→ Work to be completed
Return the data below in full and exactly, except that the pictures are dropped.

→ Provided material
[Start of section]

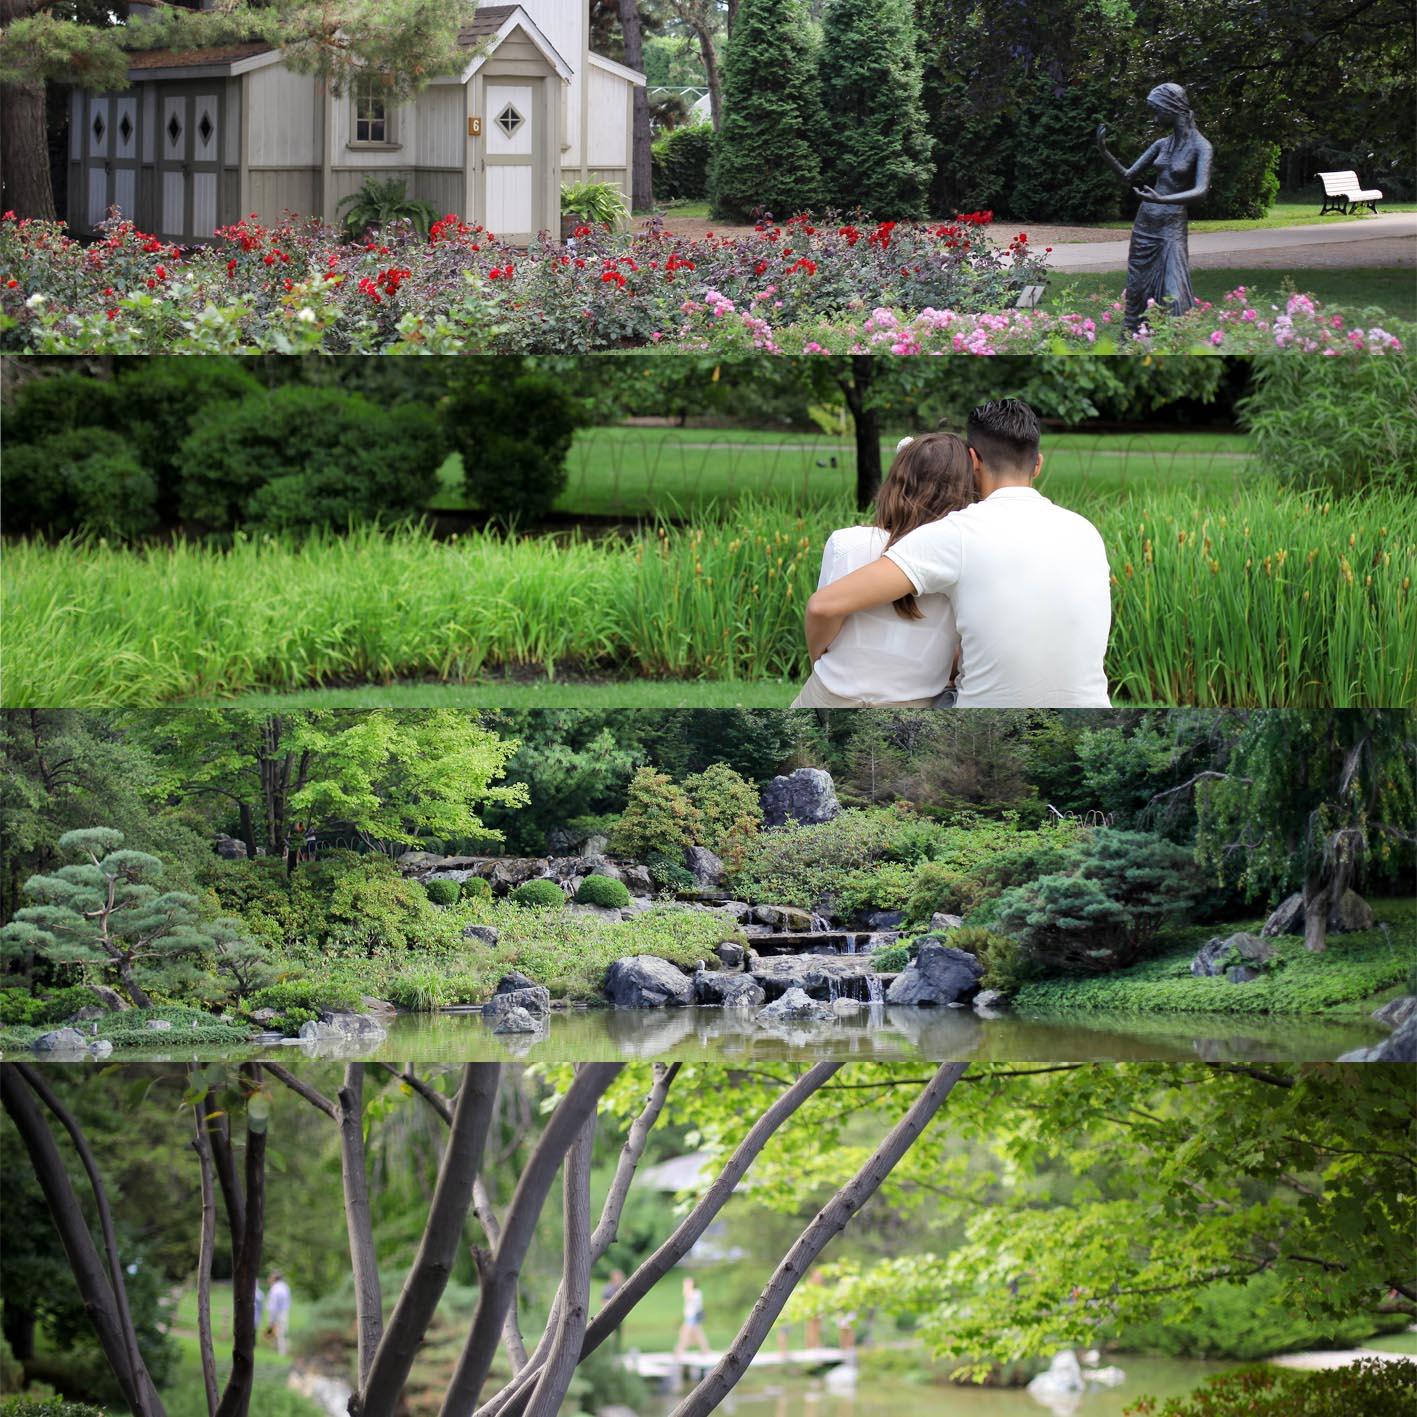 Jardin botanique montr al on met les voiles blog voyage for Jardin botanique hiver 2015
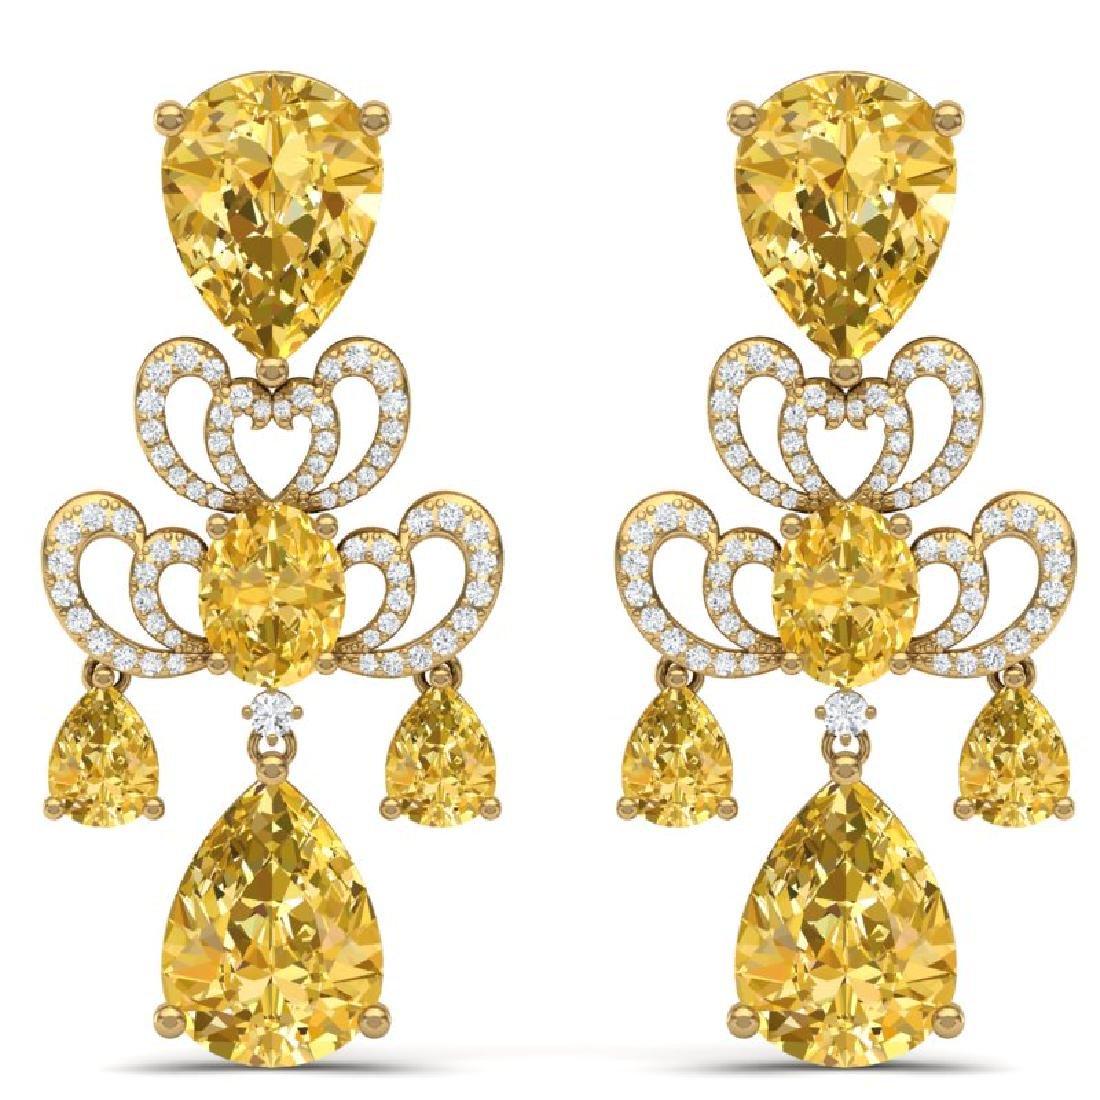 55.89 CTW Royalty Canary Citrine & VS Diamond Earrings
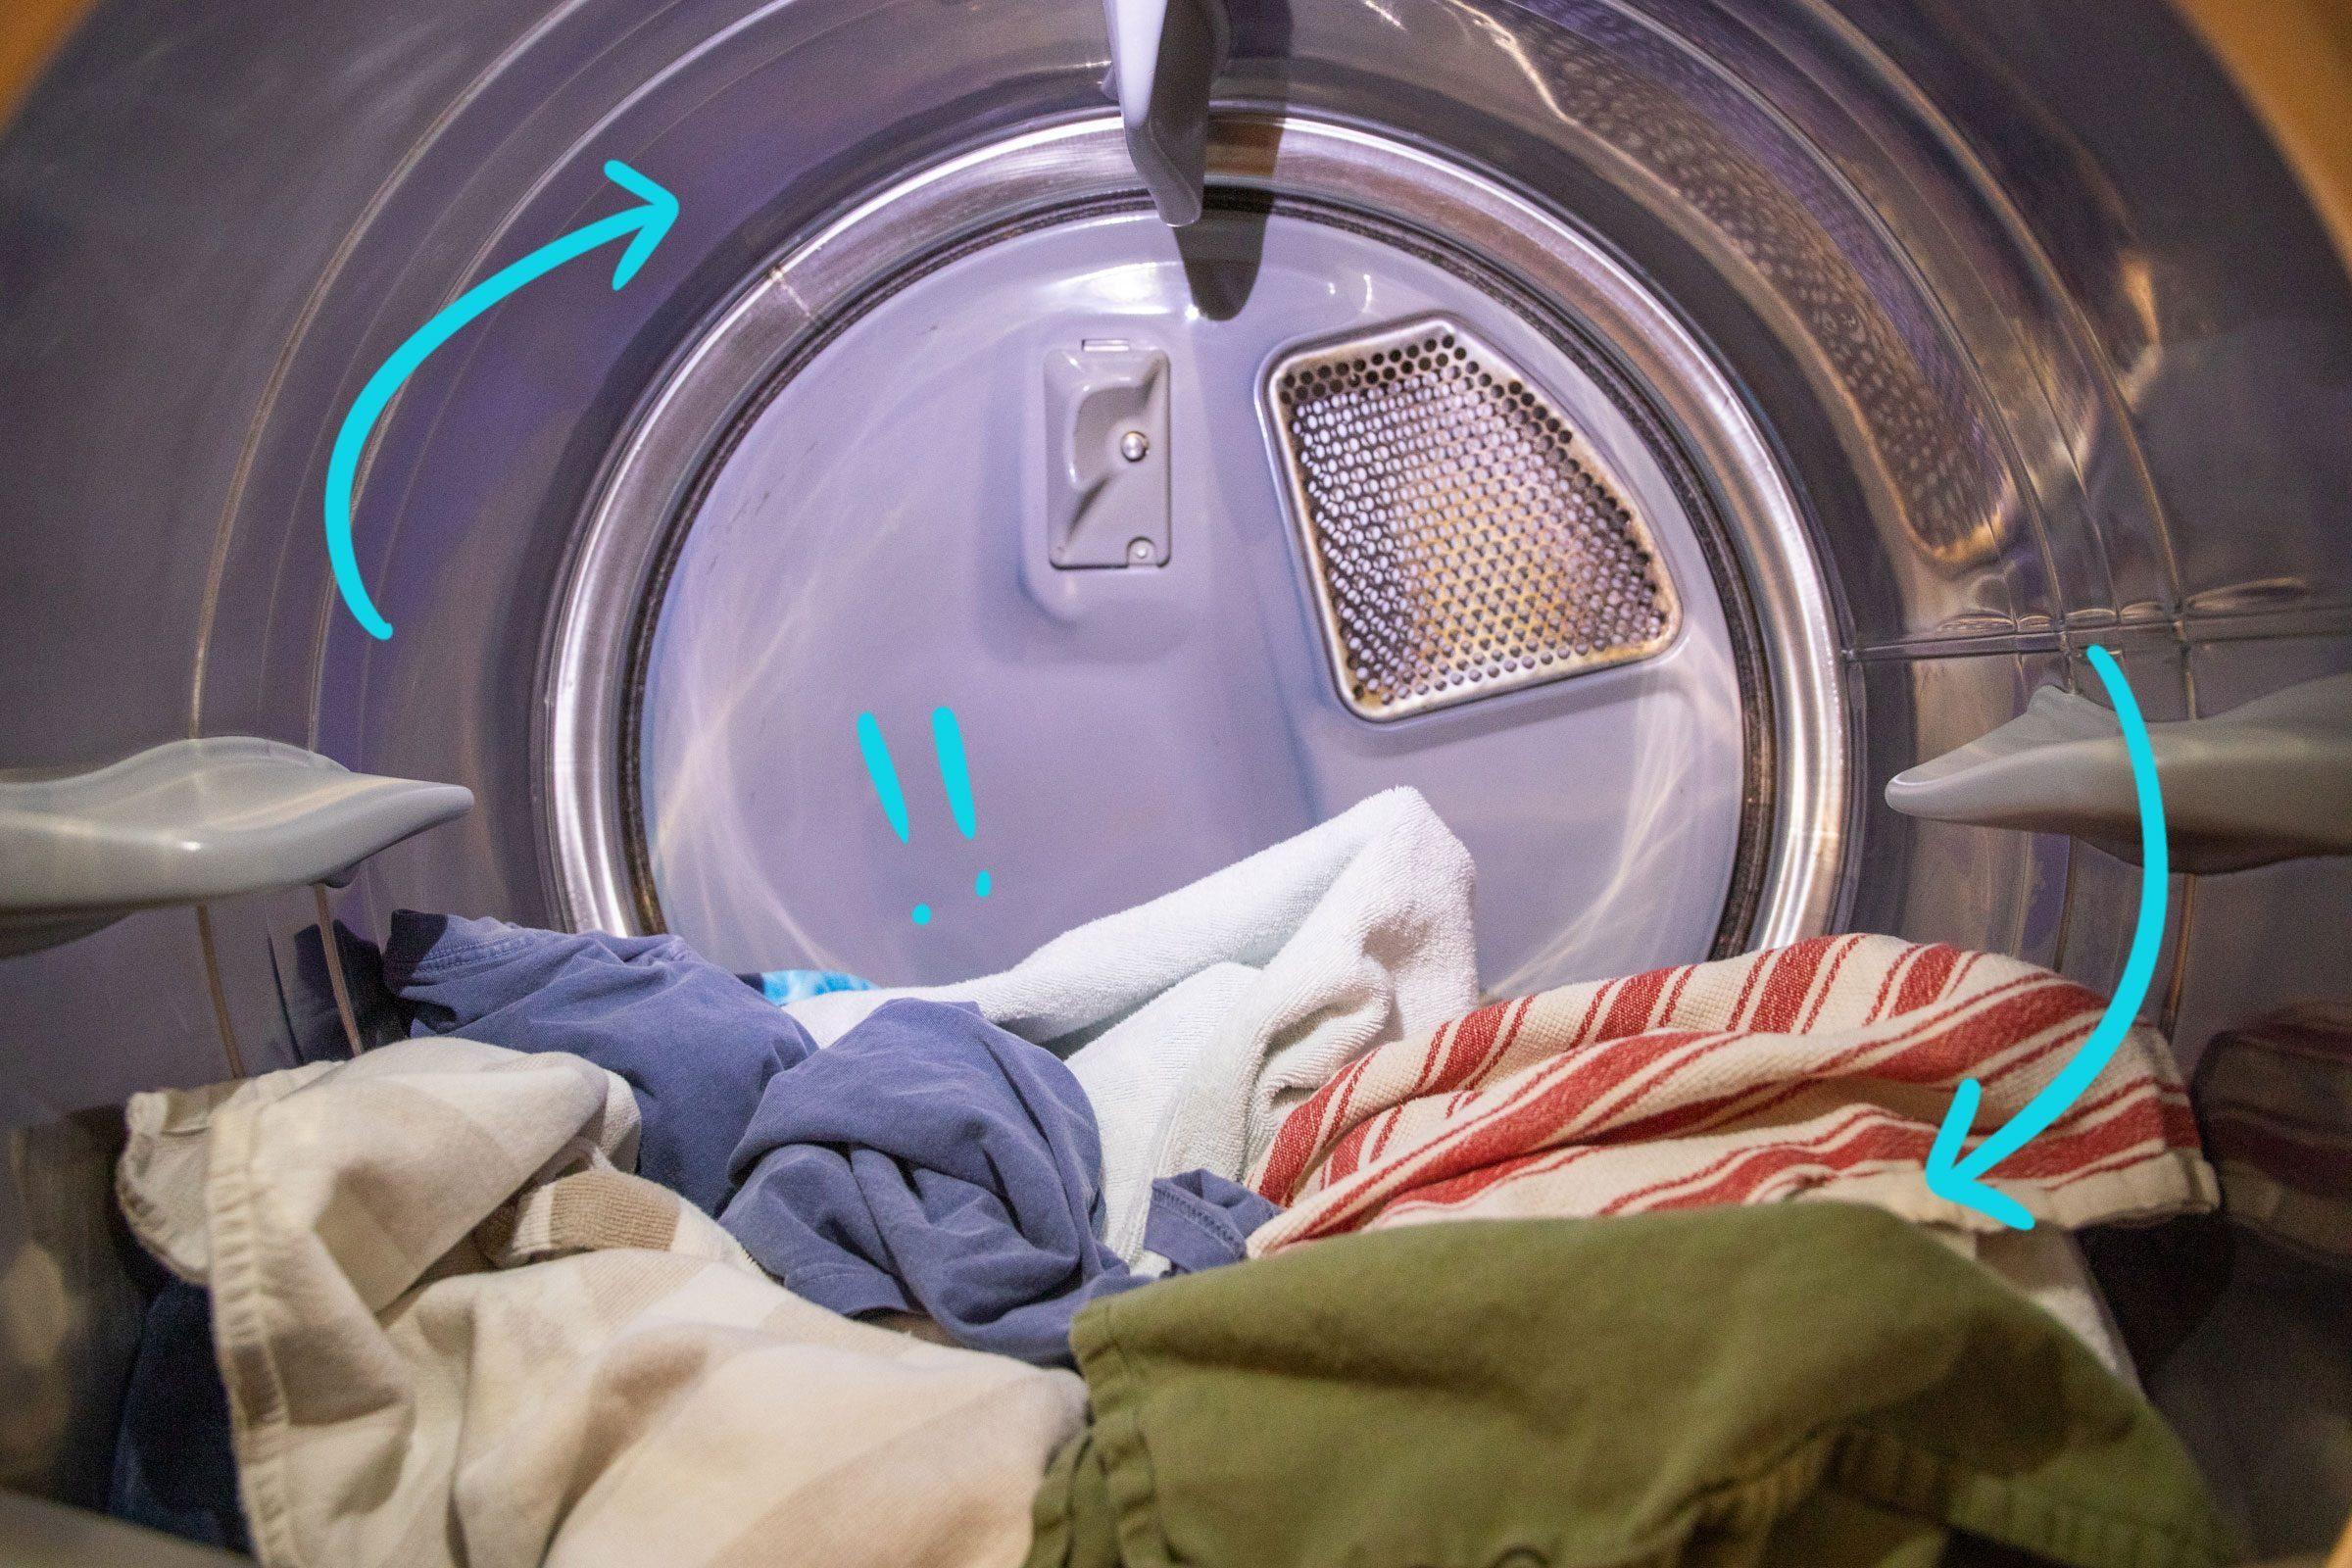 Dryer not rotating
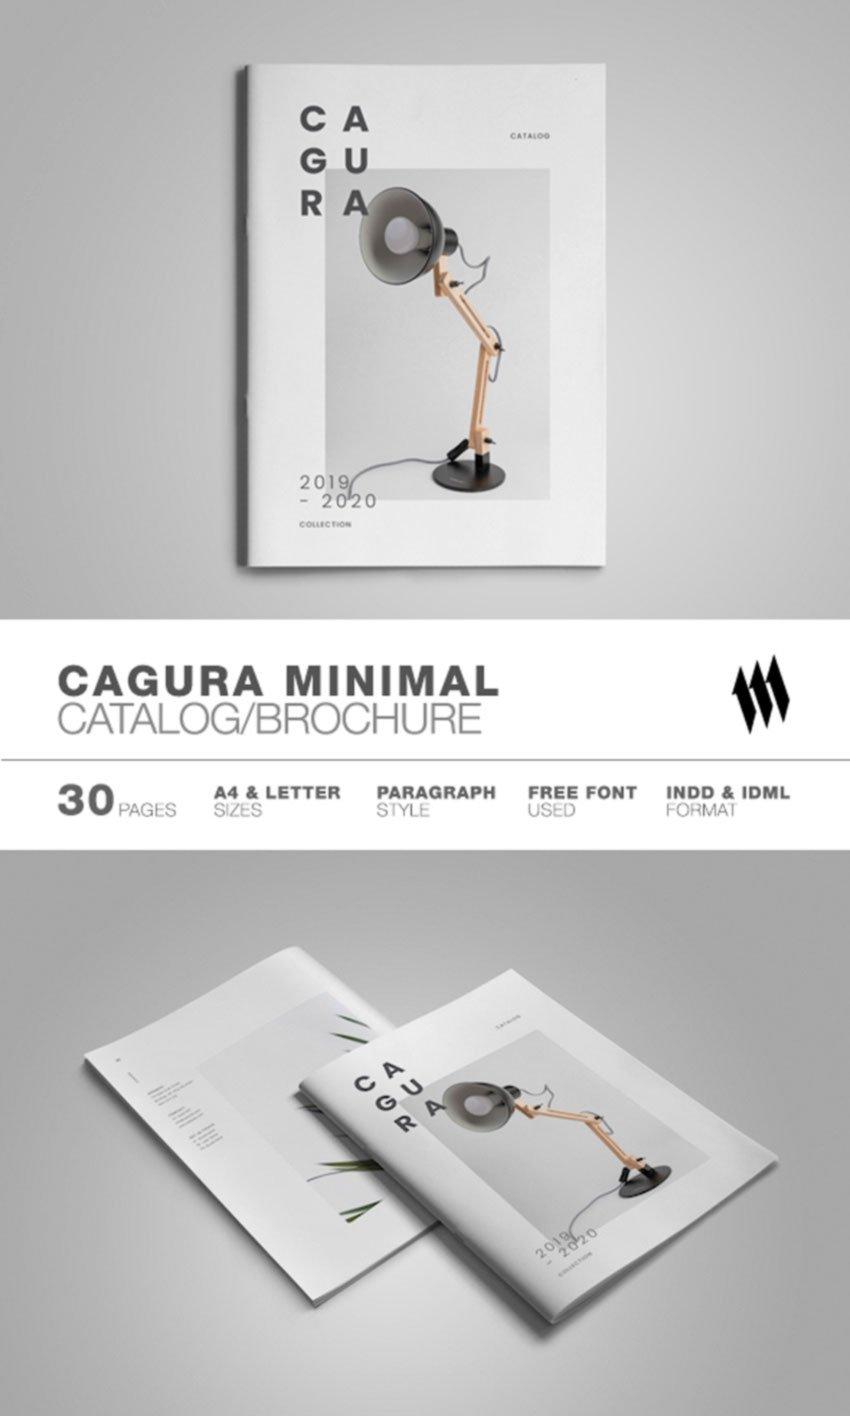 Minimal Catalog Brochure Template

[End of section]

→ Written response
 Jardin botanique montr al on met les voiles blog voyage for Jardin botanique hiver 2015
 55.89 CTW Royalty Canary Citrine & VS Diamond Earrings
 Dryer not rotating
 Minimal Catalog Brochure Template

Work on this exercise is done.